Si, como dijimos en la nota precedente, Mo Di criticó duramente a Confucio y los letrados fue a consecuencia de su doctrina de la gradación del amor. Kong vio en la familia, y en el amor dispensado a esta, la base para todas las relaciones sociales. Sin embargo, en la familia no son iguales todos los tratamientos amorosos: no se quiere del mismo modo a una madre que a una tía, ni a un hermano que a un primo. Así, el amor no es brindado de forma universal e indiscriminada a cualquier ser humano por su mera condición de humano, sino que está regulado en función de la proximidad de esa persona en relación con nosotros. La benevolencia nos insta a amar más intensa y fielmente a nuestros hermanos y padre, aun en circunstancias adversas (o precisamente en ellas), que a los demás individuos. Nuestro amor debe ajustarse a la proximidad y relación que tengamos con ellos. Por lo tanto, el amor será superior en cuanto a los miembros directos de la familia (padres y hermanos mayores), y menos intenso a medida que vayamos saliendo de ella (vecinos, aldeanos próximos, desconocidos, etc.).
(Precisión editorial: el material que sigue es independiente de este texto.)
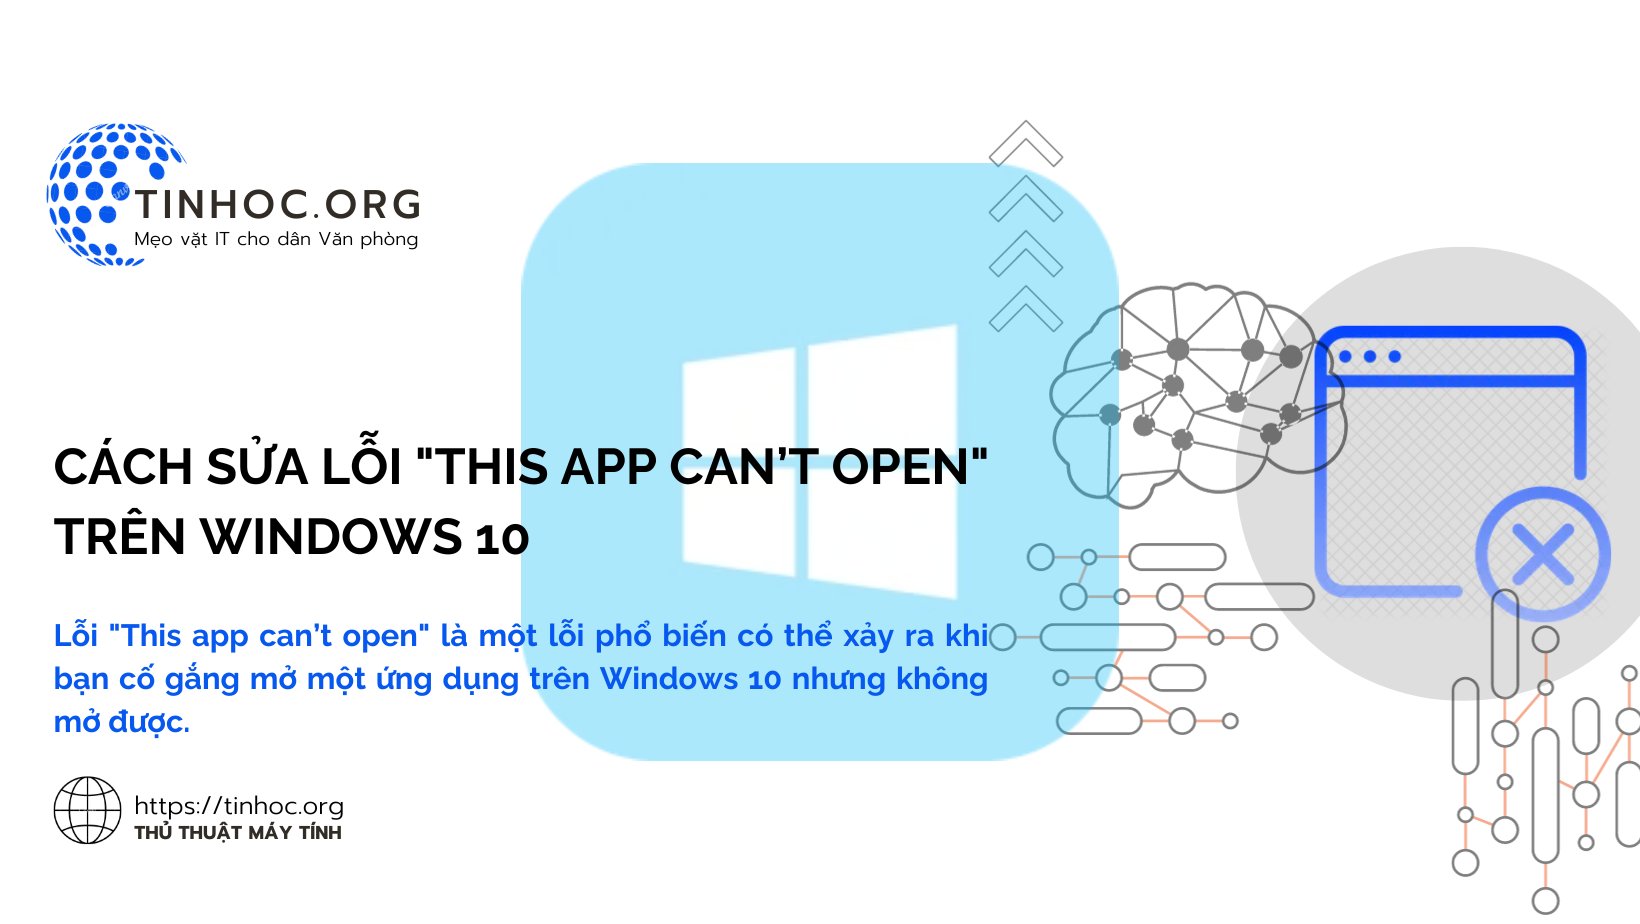 Lỗi "This app can’t open" là một lỗi phổ biến có thể xảy ra khi bạn cố gắng mở một ứng dụng trên Windows 10 nhưng không mở được.
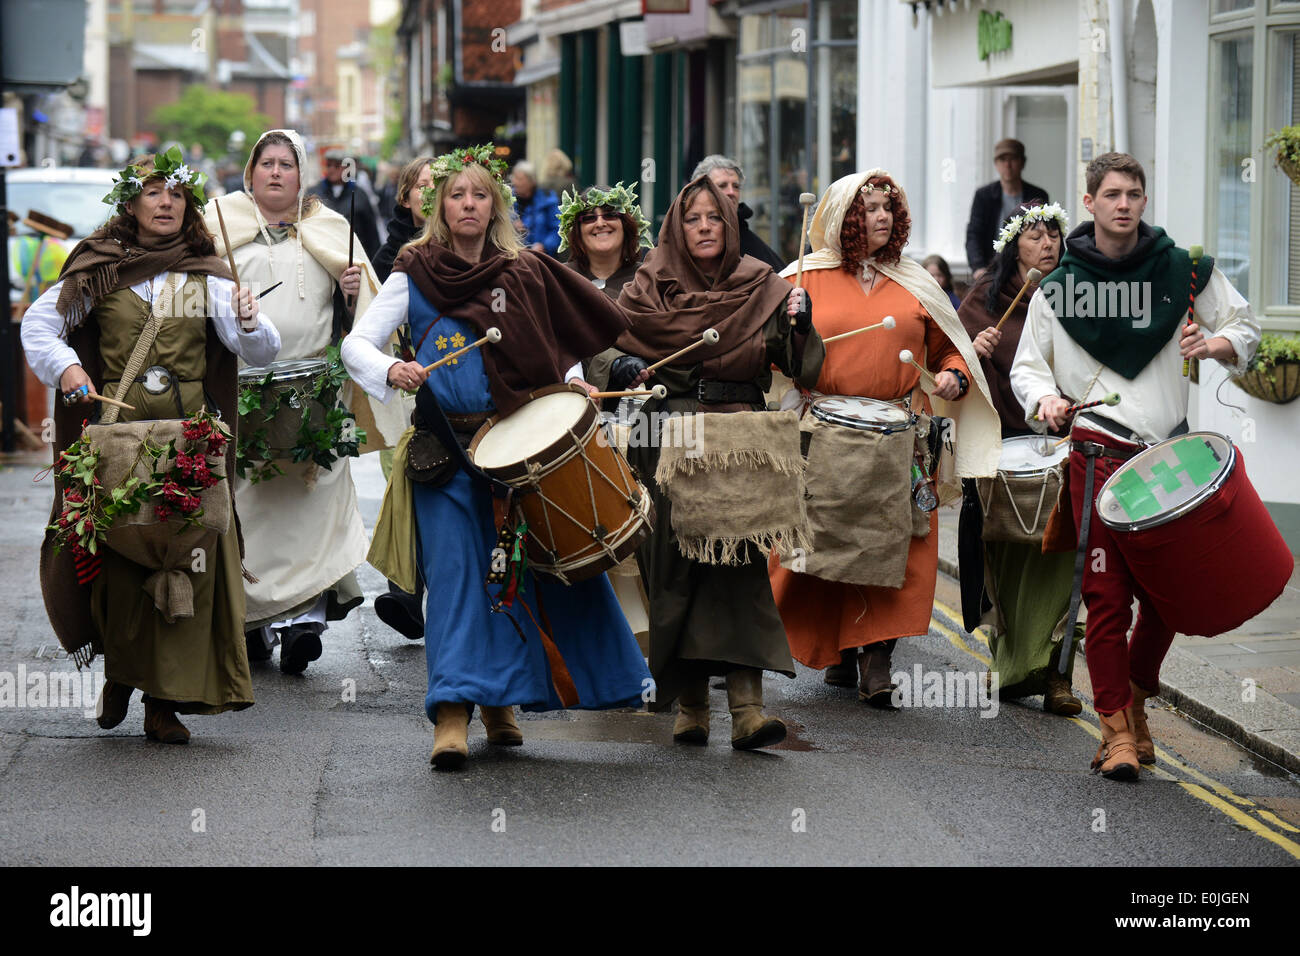 Un gruppo di persone vestite con costumi e celebra la battaglia di Lewes di Lewes High Street, East Sussex, Regno Unito. Foto Stock

Kong Qiu contempla los ritos y las ceremonias tradicionales como una parte esencial de nuestra recta moralidad y corrección. No hay que olvidarnos, sino potenciarlos; para ello, y para que los practiquemos de forma espontánea y abierta, no forzada, se necesita lograr la benevolencia, alcanzable sólo mediante la disciplina y la educación. El autodominio permite actuar recta y honradamente, ser respetuoso con los ritos y practicarlos, y adquirir sabiduría. El mismo Confucio tan sólo logró dicho estado en su vejez: “a los setenta años ya podía seguir lo que mi corazón deseara sin caer en incorrección alguna”. Un estado en el que se actúa espontáneamente, sin esfuerzo alguno, pero siempre en armonía con lo correcto: entonces lo hecho y lo que debe hacerse son, ya, una misma cosa.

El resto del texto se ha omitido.